Grace looked over as Paul made his way through the chaos of the fire. A neighbor on the west side of the Howells’ house had the stream from a garden hose aimed at the roof of his garage, but that was hardly necessary. The Howell blaze was small, contained to the basement.

“We found the body. We found Emma’s kidnapper. Weird thing. Coroner says he’s been dead five days. Not long after he snatched Emma. This sick SOB.”

She got up. “What body?”

“Her son, I guess. Maybe a boyfriend. Two neighbors had differing ideas about the relationship.”

“Jeremy’s dead?”

“Yes, been dead a while.”

“Did you find his mother?”

“Sit tight.

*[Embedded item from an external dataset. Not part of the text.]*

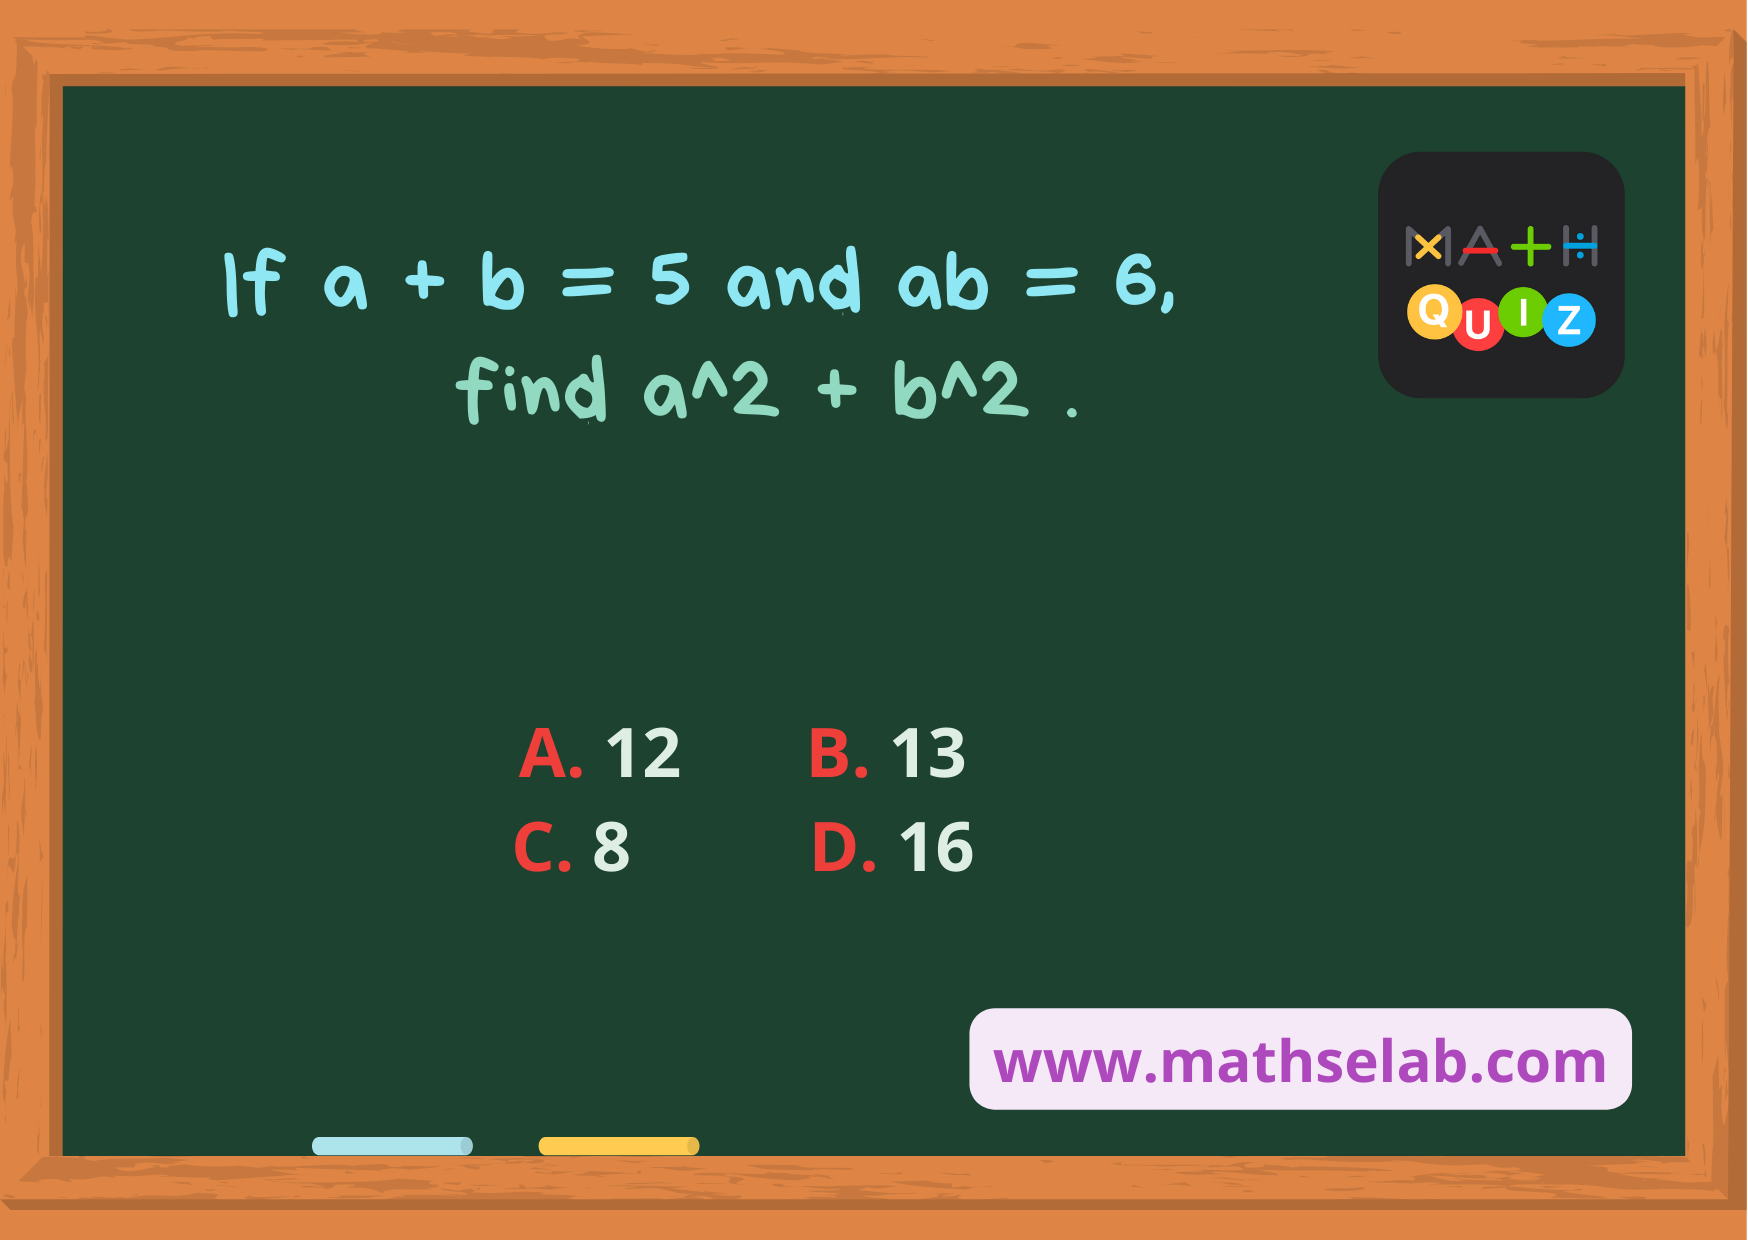 If a + b = 5 and ab = 6, find a^2 + b^2 . - www.mathselab.com

You’ve been through a lot today. But, yeah, we got her. Blues picked her up by the Safeway trying to buy, isn’t this ironic, a pack of smokes with a stolen credit card . . . Diana Rose’s Visa card.”

Grace felt so much relief, she felt her legs go weak. She sat back down. She wanted to call her mother, too. She wanted her to know that it was finally over. Peggy had been the killer. She’d betrayed them all.

“We found some weird shit inside the house,” he said, stepping back a little as an aid car left. “Good thing you’re sitting down.”

“What?”

“You think your mother was a Bundy collector? This gal had her beat tenfold. Photographs, letters, books, it’s like a murderbilia stage show gone wild in there. She even had cue cards for Ted.”

Grace didn’t understand. “Cue cards? What do you mean?”

Paul held one up in a plastic evidence bag. It was an index card, much like the kind her mother had used when she made Bundy flash cards. These were slightly larger and the writing on them was a sloppy printing.

TED: YOU ARE THE PRETTIEST BY FAR.

“Weird huh? Like she was making up some kind of play or something.”

“Not a play,” Grace said. “More like a fantasy come true.”

“Grace, we also found this,” he said, holding up the silver necklace with the dove dangling in the flashing lights of the aid car. “It was with her stash of Ted stuff. Right on top. Just sitting there.”